I moved to Houston 10 days ago, and practically every person I have met here has almost immediately warned me about the weather in July, as if I should be preparing for the Apocalypse.

Now, I don’t want to suggest that I am not concerned with this. Every morning when I take the dog out, I fear that this will be the day the sidewalk vaporizes beneath my feet, leaving me walking barefoot (my sandals would have melted, too) though a bayou of molten concrete and hobo excrement.

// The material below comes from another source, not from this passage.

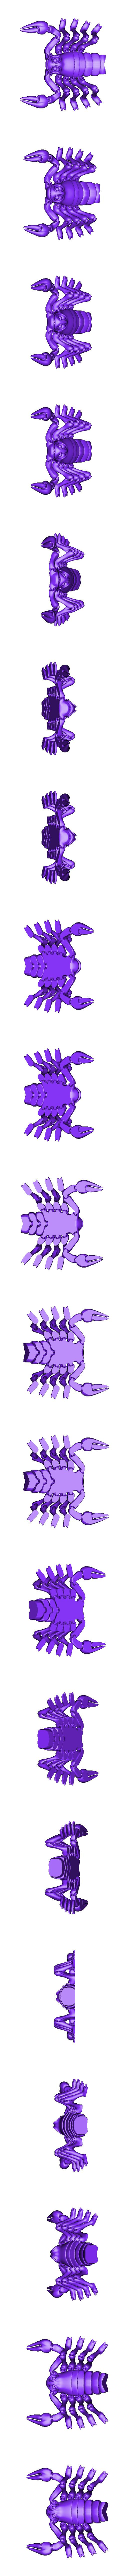 Flexi_Scorpion_Big_Body.STL Download STL file Flexi Print-In-Place Scorpion • 3D printer object, FlexiFactory
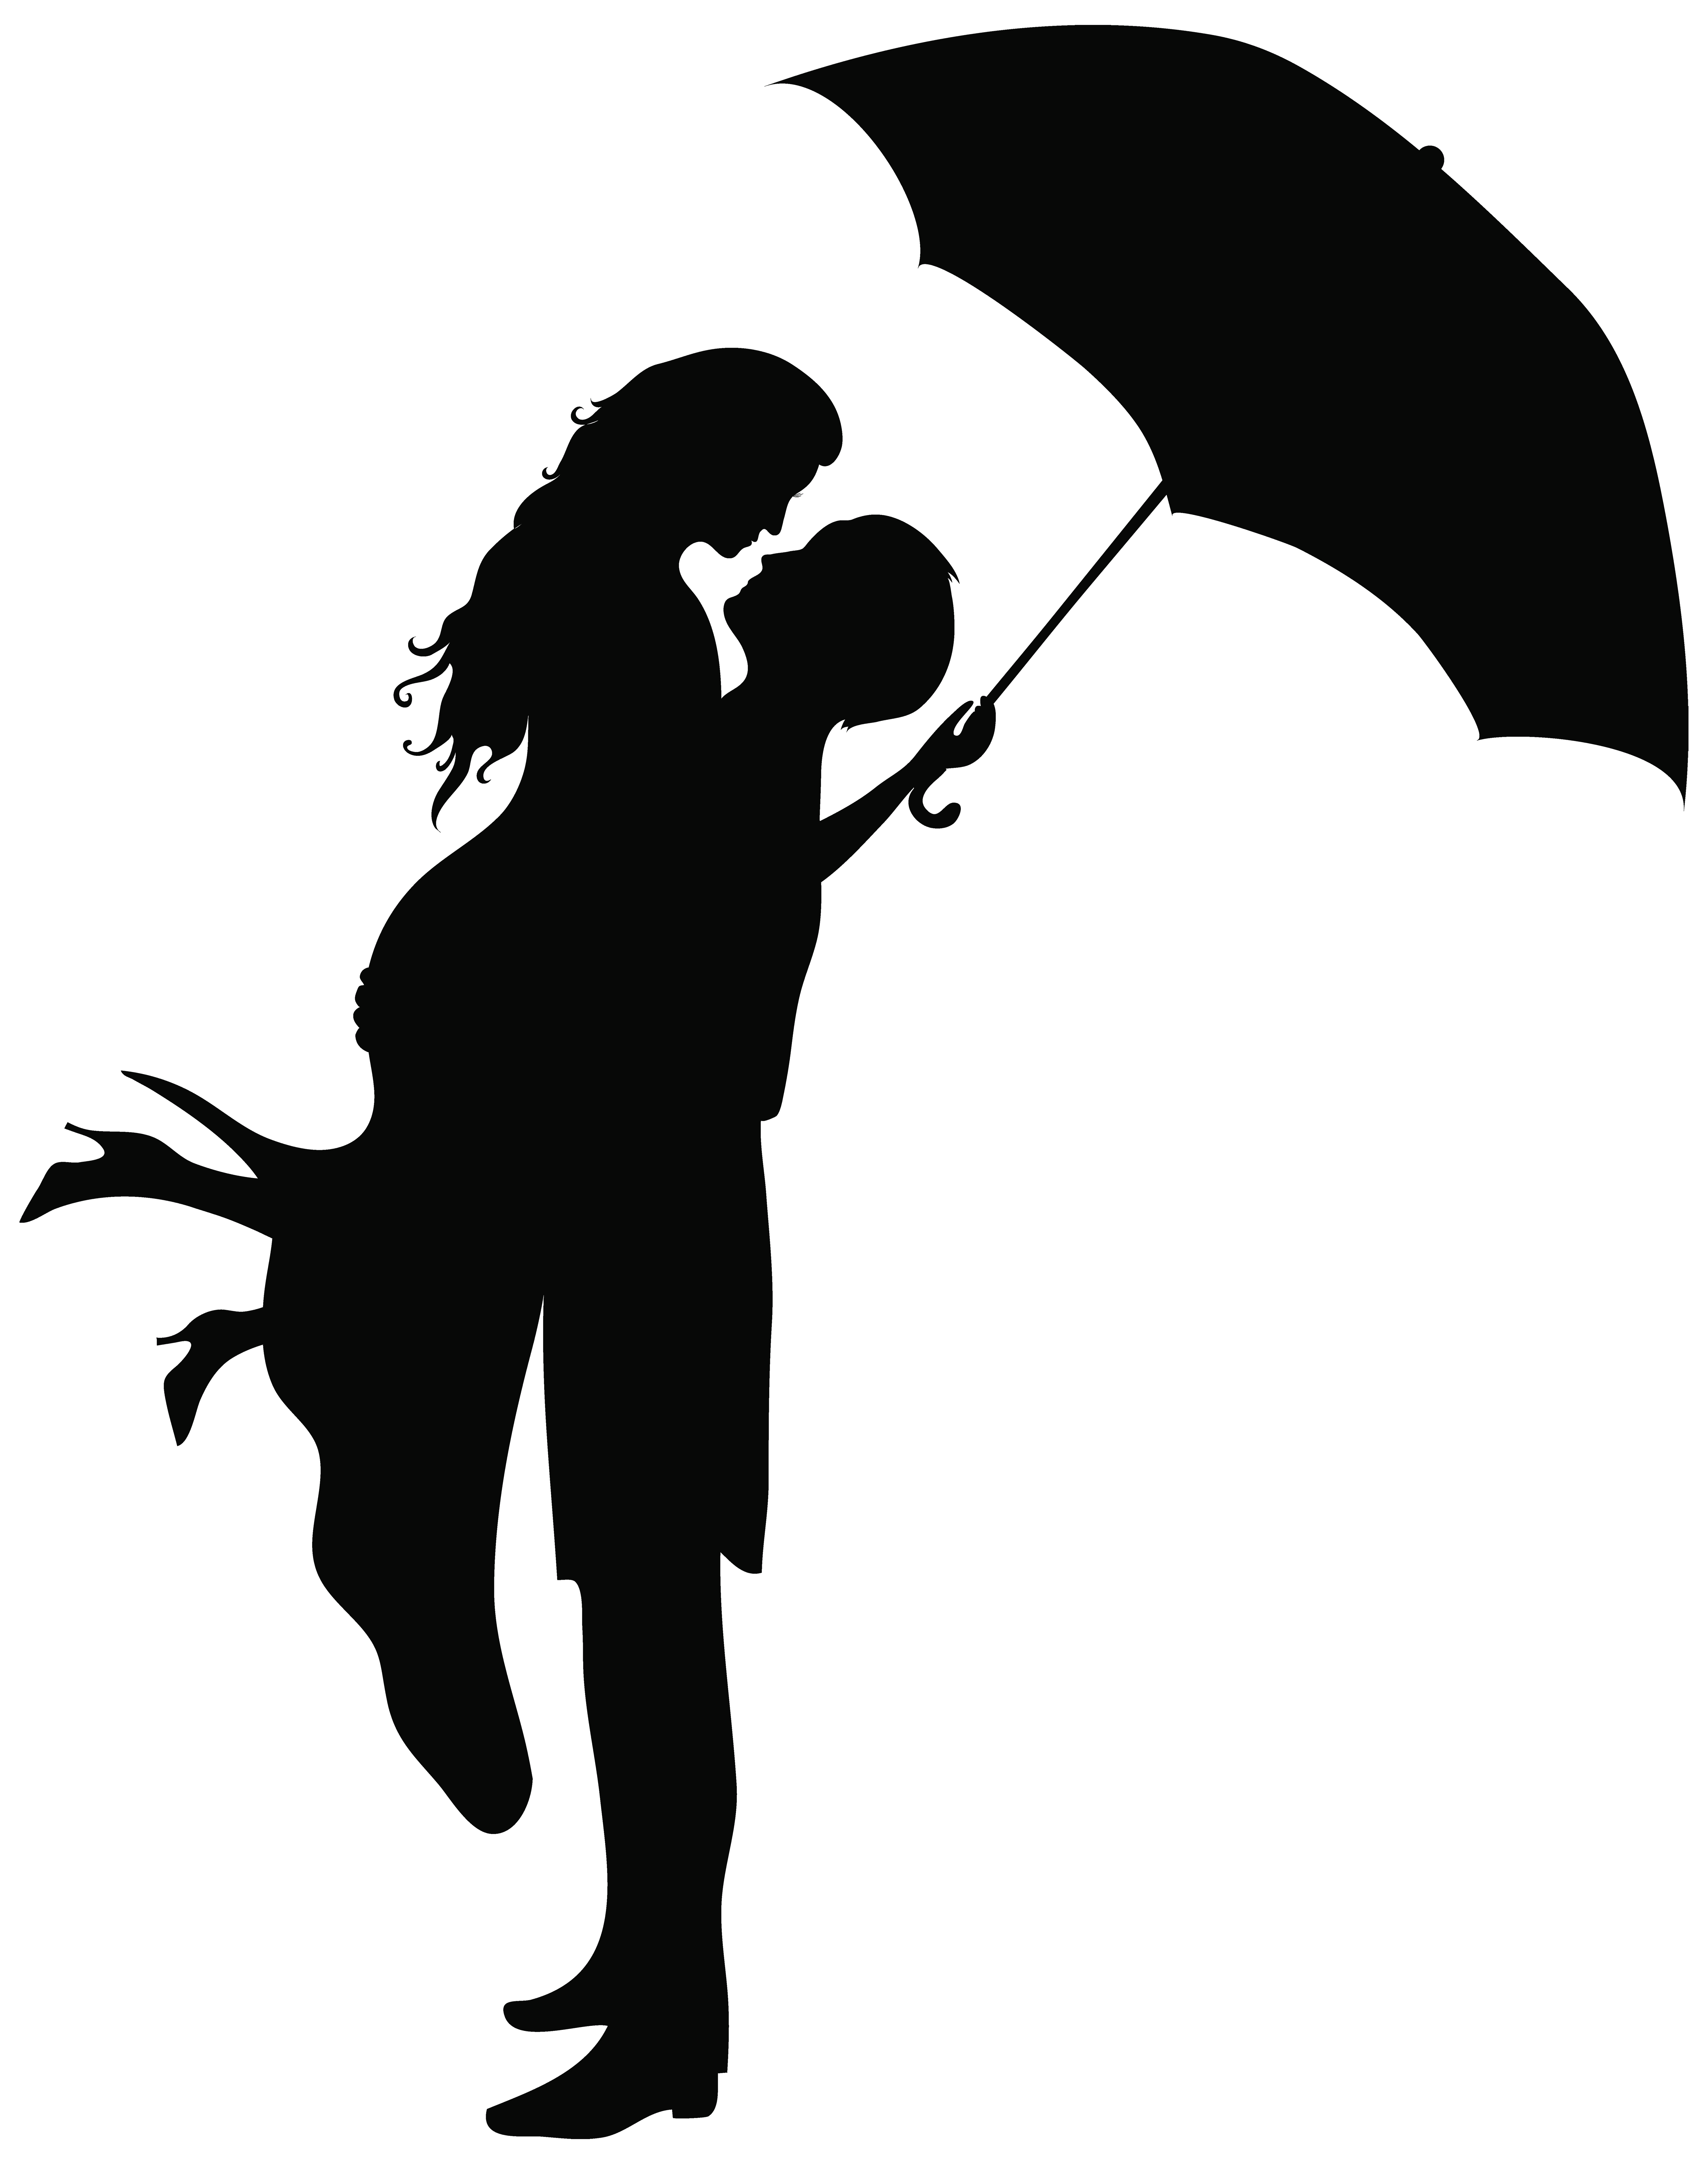 6315x8000 Romantic Couple Silhouettes Png Clip Art Imageu200b Gallery

And I further recognize that Houston is legitimately scorching. I read somewhere it was the “sweatiest” city in the United States. This I suppose could have been a measure of obesity, or of physical exertion, or the exertion of the obese, but considering the heat seems to be the main thing anyone wants to tell  you about Houston, I’m assuming it was a comment on the climate.

ANYWAY, all of this has made me realize that most people do not have a clear conception of the climate in the lower midwest. Kansas, I keep wanting to point out, is not exactly North Dakota.

Recently, someone warned me that in the summertime here it will  “get into the 90s with 90 percent humidity.” This was delivered like a grave warning. At the risk of sounding smug, I am, uh, familiar with that kind of heat.

So these are the words I am expecting to be eating in somewhere between 15 and 45 days: I know heat.

I have been incredibly hot in Kansas. One-hundred-degrees-in-the-shade hot. Football-practice-in-full-pads-at-3 p.m.-on-a-102-degree-day hot. Step-outside-at-8 a.m.-and-start-dripping hot.  So hot it makes you incredulous the human race survived in Kansas long enough to make it to the inventions of air conditioning and Gatorade.

In the past year, I have interviewed for jobs in Columbia, South Carolina and Memphis, and this same thing happened to me there. If you live south of Interstate 70 (what I call the Great Barbecue Divide), you most likely assume Kansas is more like Nebraska than Oklahoma*.

*I know some Kansans will disagree with me, but even from a cultural perspective I’ve always felt  Kansas was more closely related to Oklahoma than Nebraska or Iowa. 

Even though Kansas has both brutal winters and brutal summers, the thing everyone south of it notices is the winters. Which makes sense. Humans are constantly doing things like that. When I was 8 and we lived in Indiana, I remember thinking Kansas, where my grandmother and cousins lived, was some kind of desert wasteland. This probably had a lot to do with a photo of my cousin playing in my grandmother’s yard, a yard in which all the grass was completely yellow and dead on account of some wicked drought that must have occurred in about 1989.

But still. Because it was hotter than Indiana, Kansas was therefore HOT. And I think that’s what happens with people from Houston. Because Kansas is sometimes cooler than Texas, it is always cooler than Texas.

That all said, I could go for a Gatorade.